Proposer des solutions lorsque votre partenaire cherche du soutien : l’erreur qui indispose sans discussion préalable

Ton partenaire rentre à la maison et commence à te raconter un problème au travail. Avant même qu’il termine sa phrase, tu lui as déjà proposé trois façons de le résoudre. Plutôt que de le remercier, il se referme ou répond par « oublie, peu importe ».
Cela n’implique pas que tu aies dit quelque chose d’inexact, et pourtant quelque chose n’a pas fonctionné.

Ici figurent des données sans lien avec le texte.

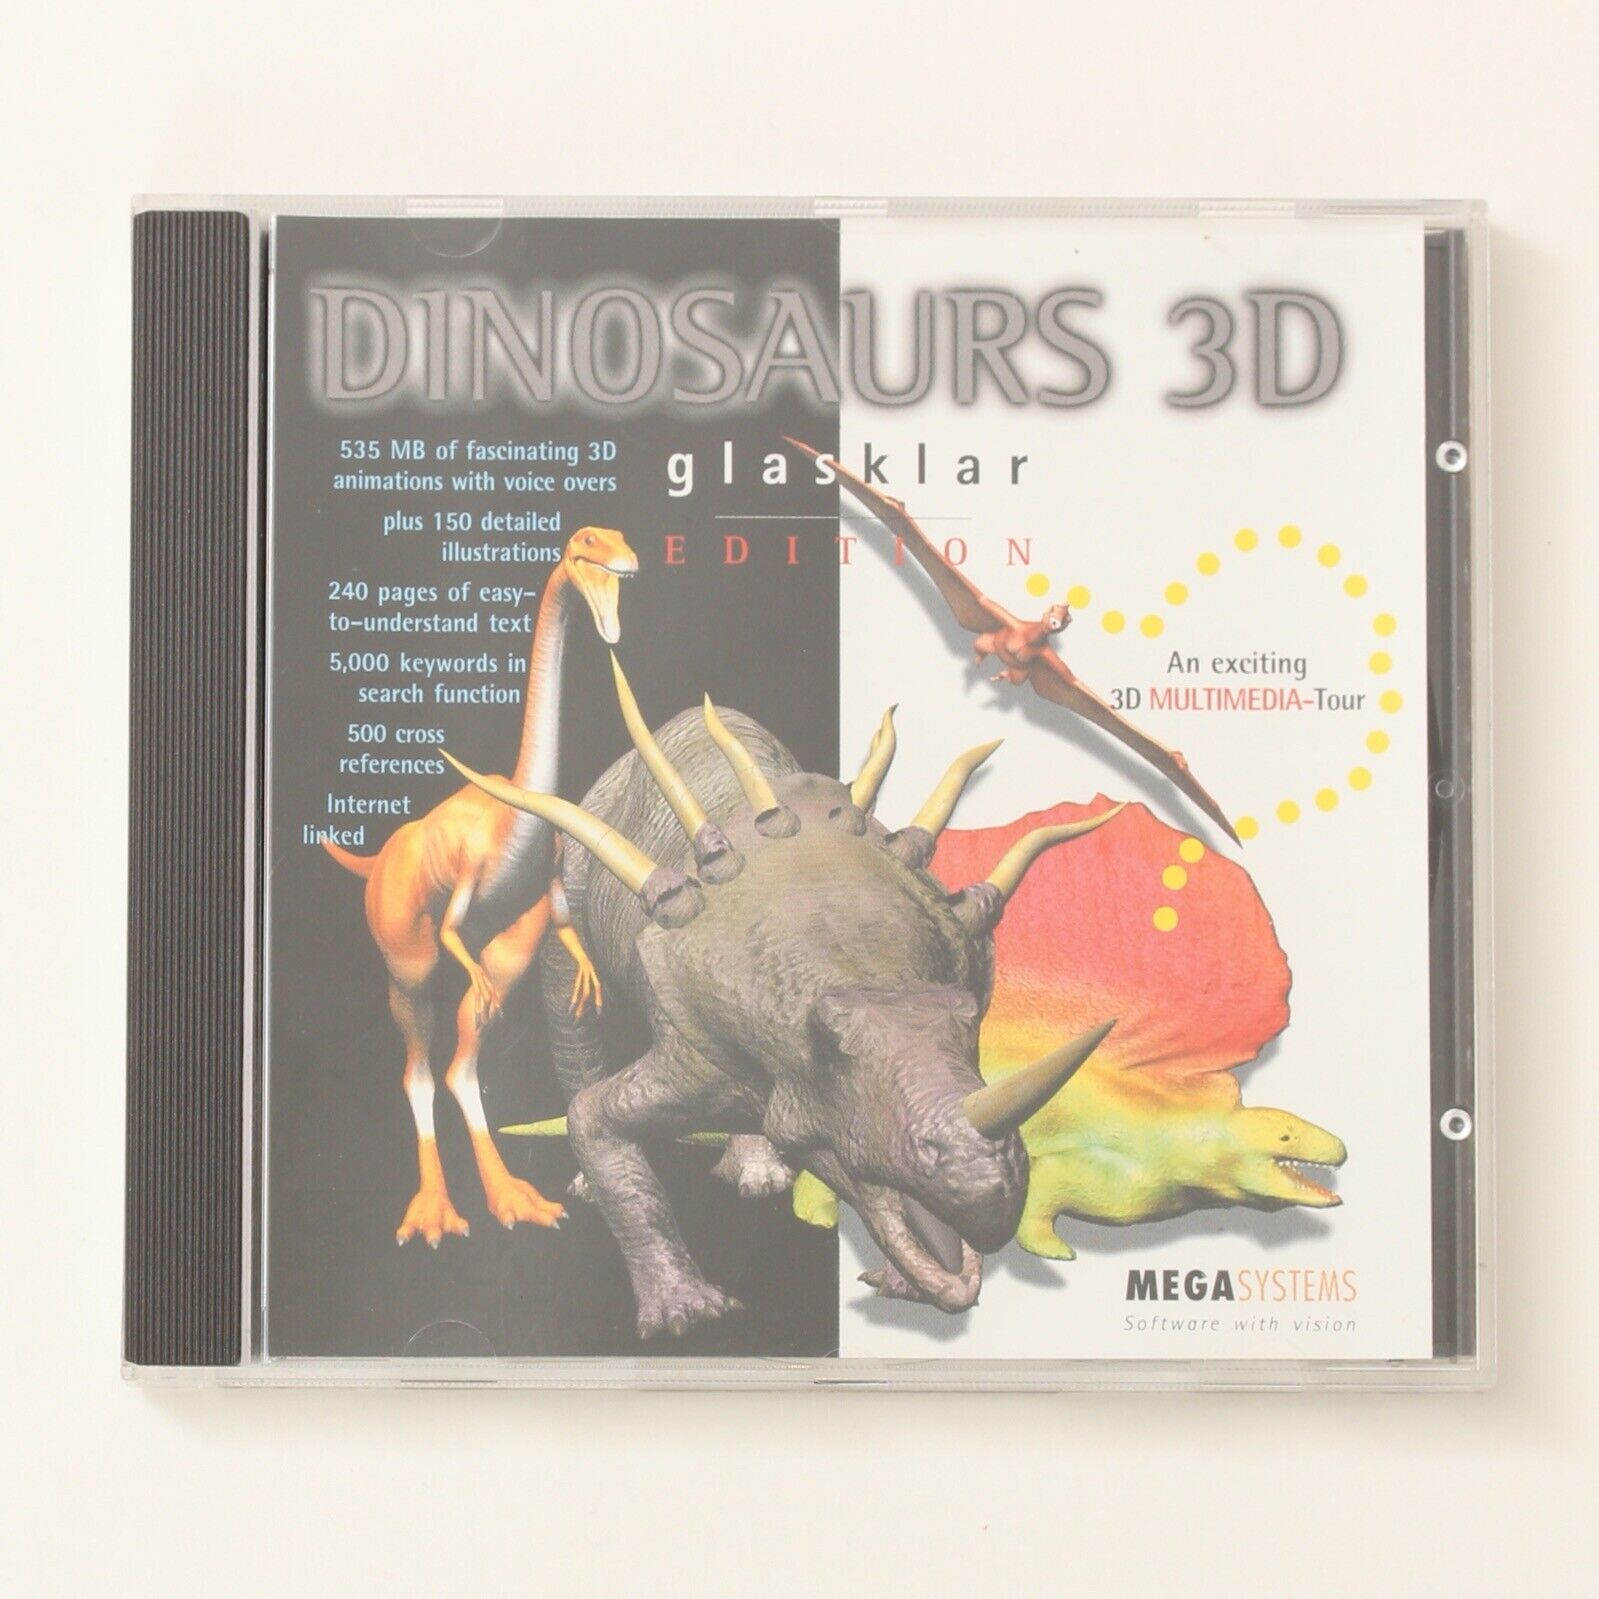 Dinosaurs 3D (Glasklar Edition) Vintage CD-ROM PC Software for Windows 95

Cela arrive probablement parce que la personne cherchait à être écoutée, pas à ce que tu résolves le problème.
Donner des conseils n’est pas en soi une erreur. Cependant, lorsque la solution arrive avant que l’autre personne ait pu raconter ce qui se passe, cela signifie que tu ne t’es pas donné le temps de vérifier quel type de soutien elle avait besoin à ce moment-là.
Appui émotionnel et appui pratique : deux formes tout aussi valables
Il existe deux façons d’aider quelqu’un, et aucune n’est supérieure à l’autre. Le soutien émotionnel consiste à écouter, à montrer un intérêt sincère et à reconnaître ce que ressent l’autre personne, sans chercher à tout résoudre. Cela peut être aussi simple que de dire « quelle journée tu as eue » et de laisser de l’espace pour qu’elle puisse continuer à parler.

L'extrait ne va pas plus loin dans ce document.